Why a 300TB cache of popular music matters now
Even for lossy bitrates, 300 TB of popular music is a significant act of preservation and piracy. For archivists and scholars, it provides a snapshot of the modern streaming canon that can be traced to real-world consumption. From the rightsholders’ perspective, it’s a huge unauthorized distribution pipeline that has the potential to wreck licensing economics if torrents spread widely.

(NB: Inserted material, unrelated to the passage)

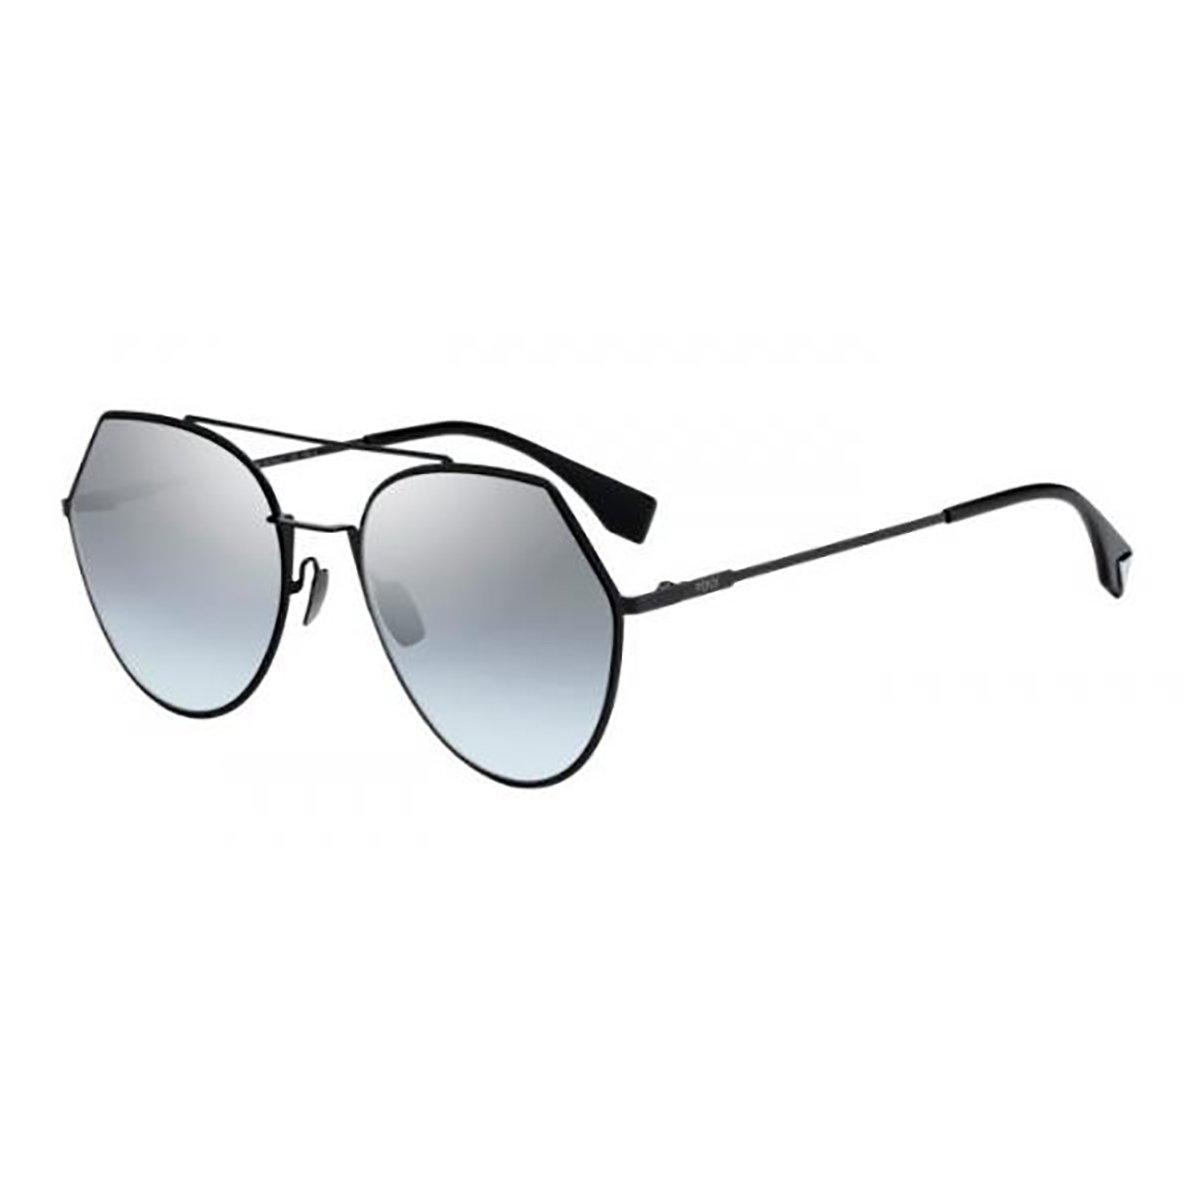 d1dd274637be6 Compre Óculos de Sol Fendi Eyeline em 10X

The scale also raises questions of competitive intelligence: popularity scores, release cadences, and catalog gaps are useful signals for labels, indie distributors, and recommendation researchers. Although Spotify’s own recommendation system was not revealed, bulk access to popularity and play proxies can be used to back out behavioral patterns. Historically, industry bodies such as the RIAA and IFPI have moved quickly to shut down torrent indexes offering up pirate copies of major-label back catalogs, and similar action is likely here.

How artists and everyday listeners could be affected
We do not have any reason to believe that user accounts, personal data, or anything sensitive were breached; the breach concerns content files and publicly available metadata. Artists and labels now have the near-term risk of substitution; some level of consumption will move to torrents, but the lower bitrates and lack of platform features (song lyrics, playlists, social sharing) blunt that impact for a lot of listeners.
Another concern is uncontrolled reuse. For instance, large scraped audio sets can feed unlicensed machine-learning models that can be used to perform tasks such as source separation, vocal cloning, and genre synthesis. That risk has been on the minds of labels this year, as a top-secret string of lawsuits against unlicensed training on music and lyrics gained attention. A widely copied torrent could be more difficult to police, and the provenance murkier.
What Spotify and rightsholders could do next
Expect a multi-faceted response: technical mitigations (closing the scraping vectors, tightening token lifetimes and key rotation, and ramping bot detection), litigation aimed at distribution points, and coordinated takedowns by rightsholder groups.
If Anna’s Archive goes through with staggered releases, we can expect a longer game of cat and mouse over the months ahead on torrent sites and mirrors.
The problem for Spotify at its core is how to reconcile an open discovery platform — public artist pages and charts, say — with protections strong enough to discourage industrial-scale extraction. That usually includes rate limiting, anomaly detection of popularity-weighted access patterns, and a variety of DRM hardening. For the music industry, however, the mishap highlights a larger trend: streaming has funneled all of the world’s music onto a few platforms, and as such they’ve become high-value targets not only for pirates but anyone else trying to capture sweeping cultural datasets.
Spotify’s investigation is ongoing. The group responsible for the scrape, meanwhile, is framing the release as a preservation project. Whatever the framing, though, the disclosure exposes a fact of life in the era of streaming: when the catalog becomes the internet’s version of a commons, being able to protect — and profit from — those pipes is just as crucial as licensing those songs.